Ahead of the Tour de France, Démare took successive victories in Halle–Ingooigem and the French National Road Race Championships – finishing directly ahead of Bouhanni in the latter. Démare's best stage results at the Tour de France were a pair of third-place finishes, on stages four and twelve. Over the remainder of the 2014 campaign, Démare took a further six victories – for a final tally of fifteen wins. He won the Kampioenschap van Vlaanderen and Grand Prix d'Isbergues one-day races in September in bunch sprints, before he won the Tour de l'Eurométropole stage race the following month, along with three stages, points and young rider classifications.

====2015====
In contrast to his 2014 season, Démare went winless through the first few months of 2015, recording a tenth-place finish in the cobbled classics opener Omloop Het Nieuwsblad, and a best result of any kind being a second place on the second stage of Paris–Nice. Démare's first wins of the season came at May's Tour of Belgium; having finished second to Tom Boonen on the first road stage, Démare then out-sprinted Boonen to win on the next two stages to move into second overall, one second off the lead.
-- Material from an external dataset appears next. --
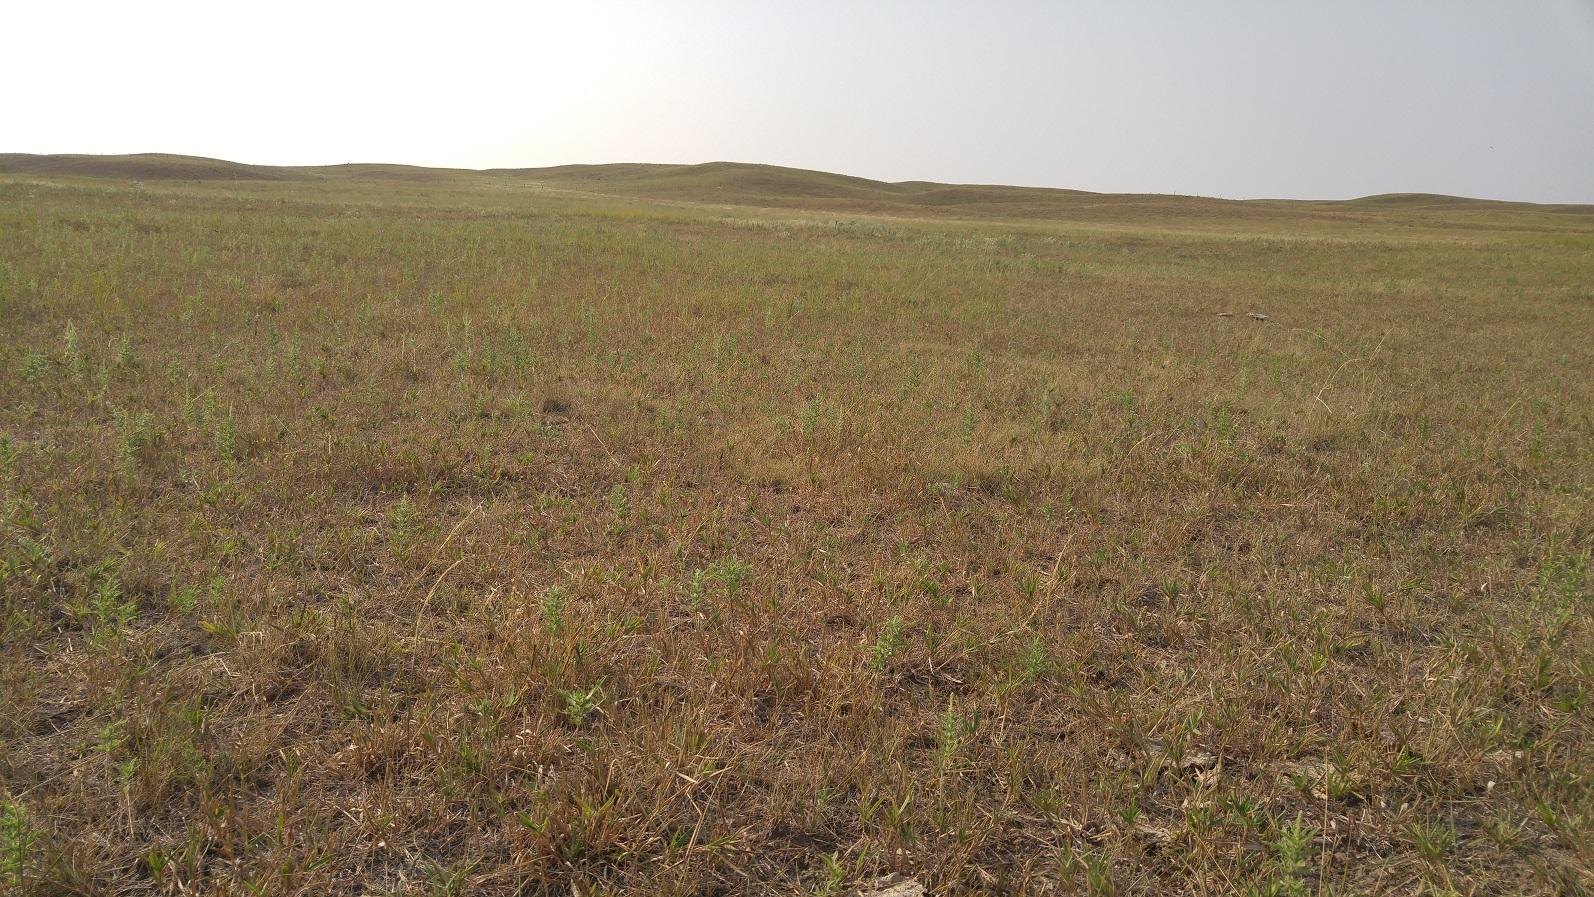 Grazed pasture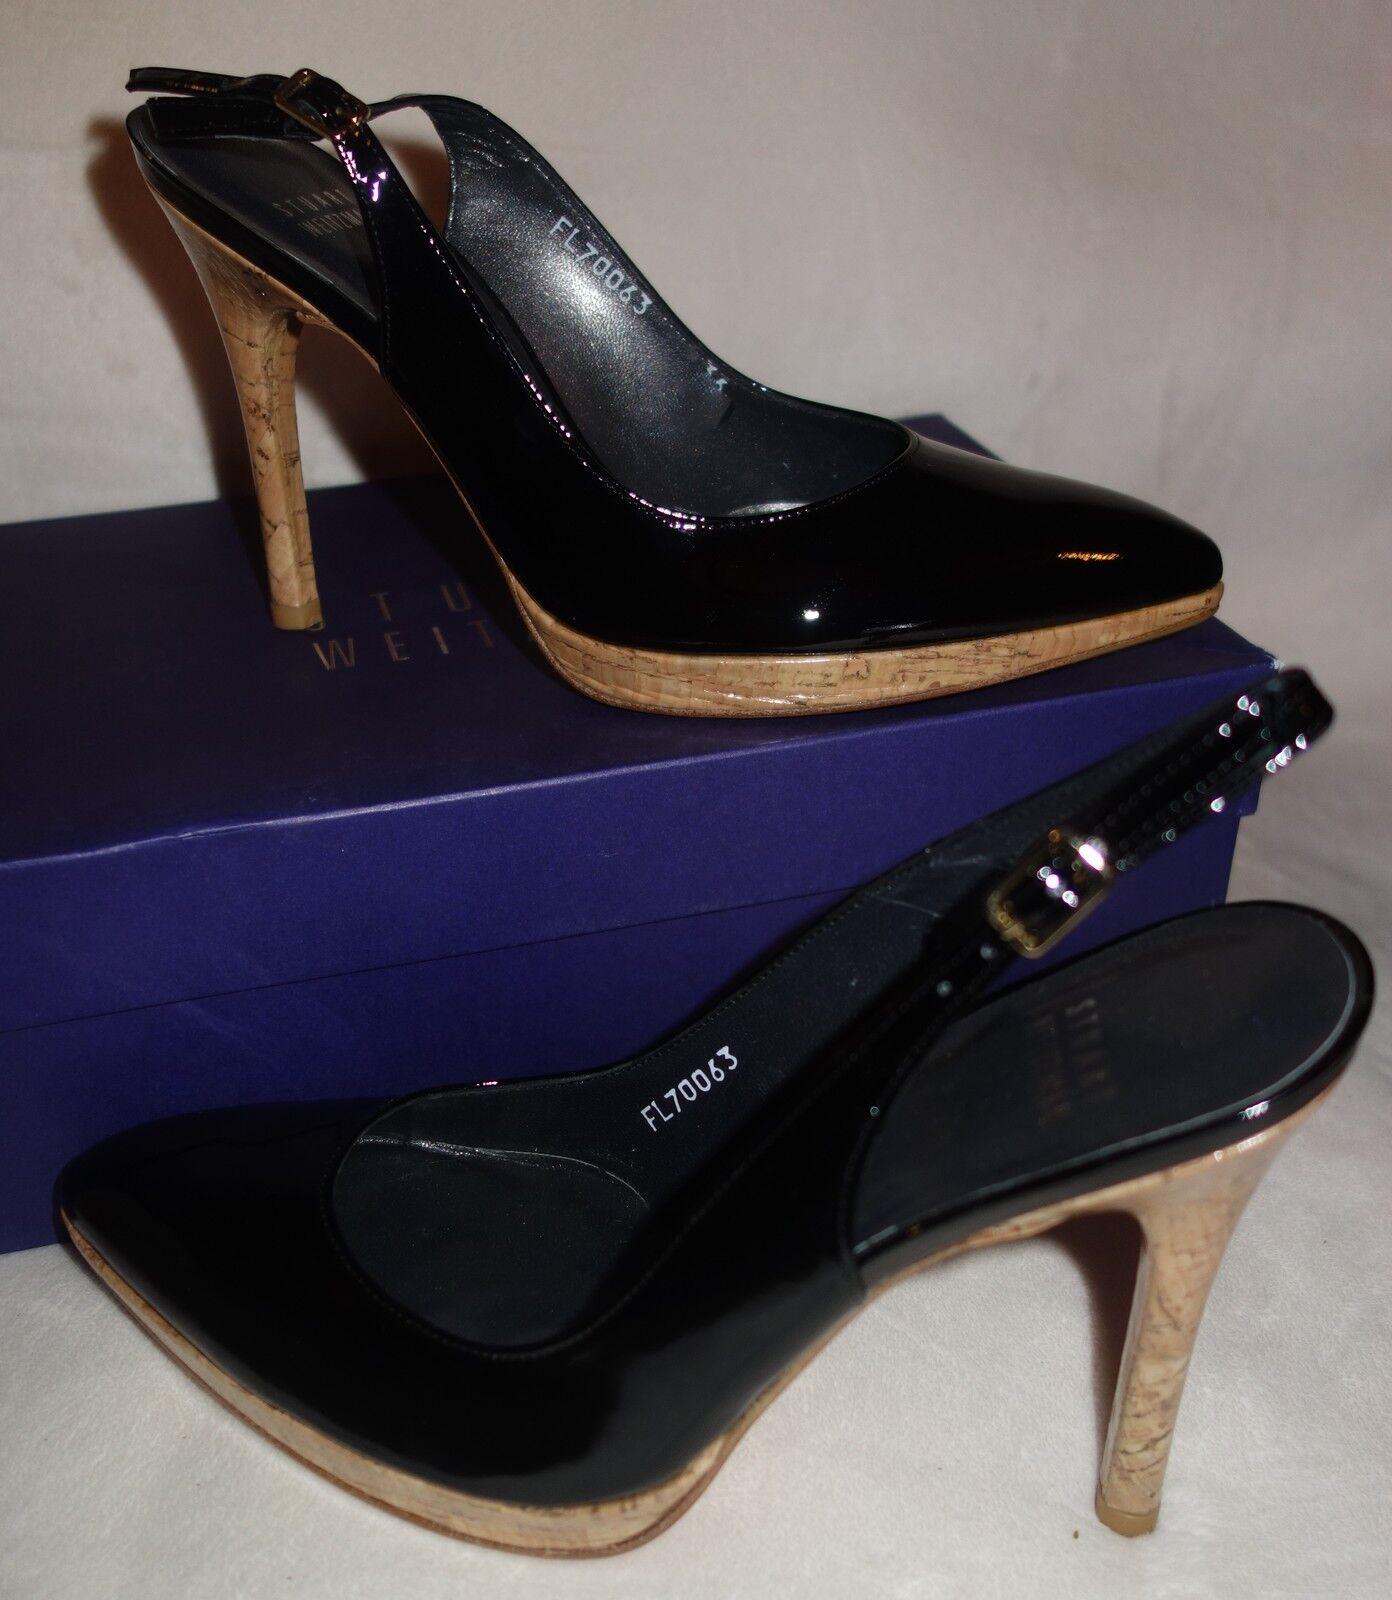 Stuart Weitzman 'Miasling' Genuine Patent Pelle Heels  - sz 37 new

He ultimately failed to finish the final stage, losing the points classification as a result of this. These would ultimately be his only wins of the season, with a second-place stage finish at the Eneco Tour – to Boonen – being his best result for the remainder of the year.

====2016====
In January, Démare announced his race plans for the first half of the new season, starting his campaign on home soil at Étoile de Bessèges and La Méditerranéenne, followed by competing in the spring classics of Omloop Het Nieuwsblad, Kuurne–Brussels–Kuurne, Milan–San Remo, Gent–Wevelgem, the Tour of Flanders and Paris–Roubaix, along with the Paris–Nice and Three Days of De Panne stage races. He also announced that he would skip the Tour de France and focus on the Giro d'Italia instead. He enjoyed success at La Méditerranéenne, where his squad won the race's opening team time trial and he won the following stage. Démare went on to win the first full stage of Paris–Nice, his final preparatory race for Milan–San Remo.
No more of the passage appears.